SICSA DVF: Prof. Mari Ostendorf – Rich speech Transcription for Spoken Document Processing

Date/Time
Date(s) - 27/11/2012
2:00 pm - 3:00 pm

Location
The Royal College of Surgeons, King Khalid Building Symposium Hall


Abstract:
As storage costs drop and bandwidth increases, there has been rapid growth of spoken information available via the web or in online archives — including radio and TV broadcasts, oral histories, legislative proceedings, call center recordings, etc. — raising problems of document retrieval, information extraction, summarization and translation for spoken language. While there is a long tradition of research in these technologies for text, new challenges arise when moving from written to spoken language.
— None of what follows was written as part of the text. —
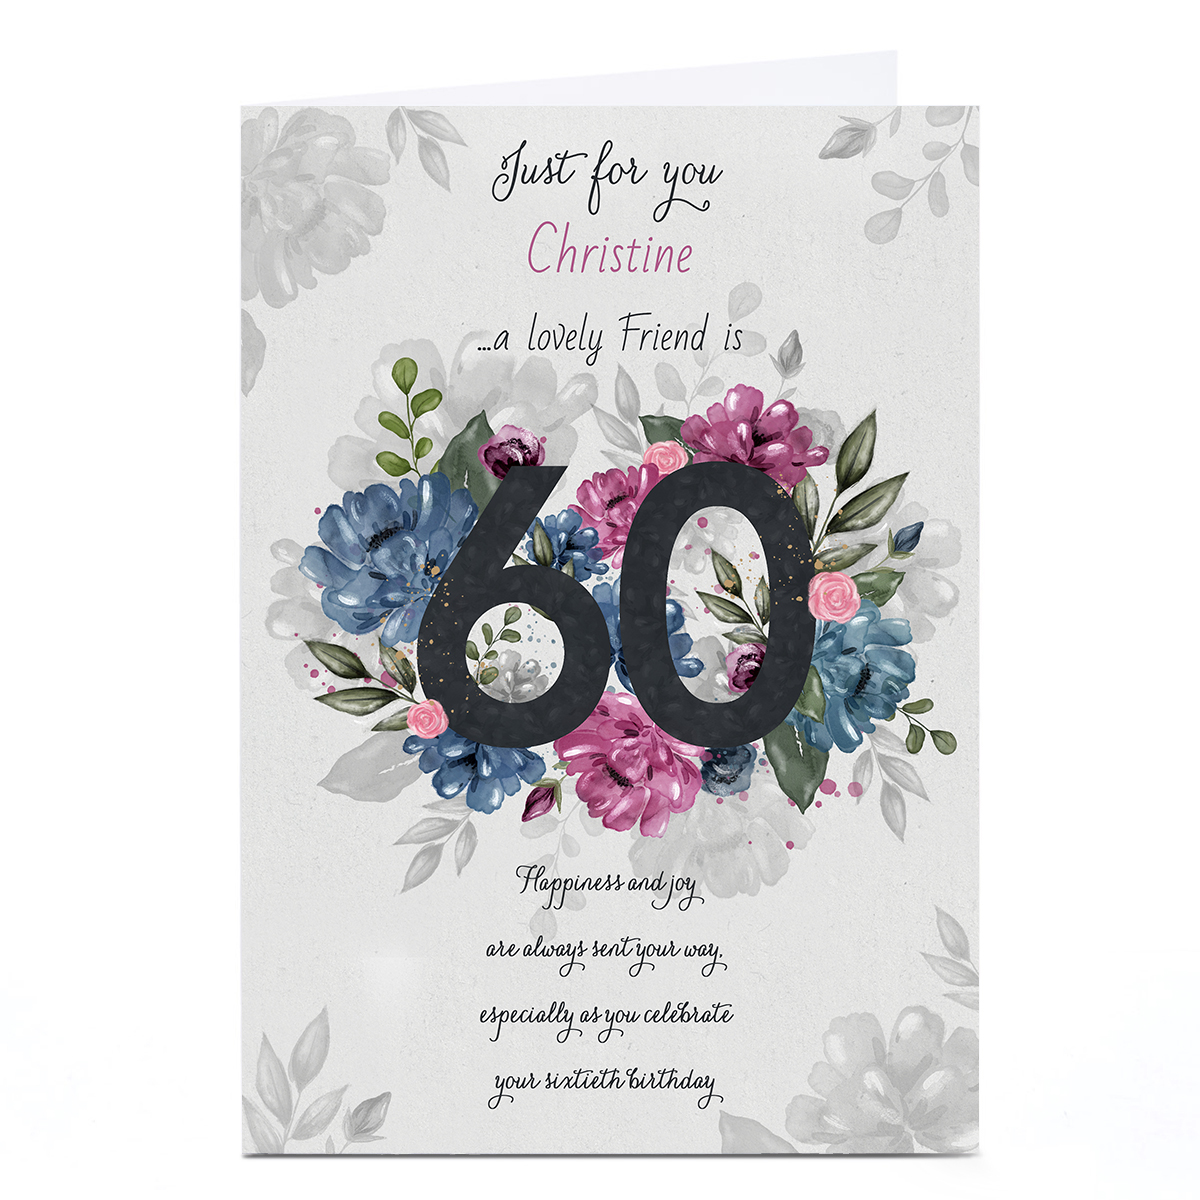 Buy Personalised 60th Birthday Card Lovely Friend Floral For Gbp 1 79 Card Factory Uk

In this talk, we look at differences between speech and text, and how we can leverage the information in the speech signal beyond the words to provide a rich, automatically generated transcript that better serves language processing applications. In particular, we look at how prosodic cues can be used to recognize segmentation, emphasis and intent in spoken language, and how this information can impact tasks such as topic detection, information extraction, translation, and social group analysis.

Biography:
Mari Ostendorf is Professor of Electrical Engineering at the University of Washington and Adjunct in Computer Science and Linguistics. Her research interests are in dynamic and linguistically motivated statistical models for speech and language processing that consider the interaction of topic, genre and register. She is a Fellow of the IEEE and ISCA. Prof Ostendorf is a leading researcher in spoken language processing and has made significant (and long-lasting) contributions in speech recognition, speech synthesis, prosodic analysis, and computational linguistics. Her current research interests include: Low resource language modelling; Computational modelling of prosody for spoken document processing; Use of parsing in speech recognition; Language technology for education applications; Extracting social roles and relation information from spoken and written discussions.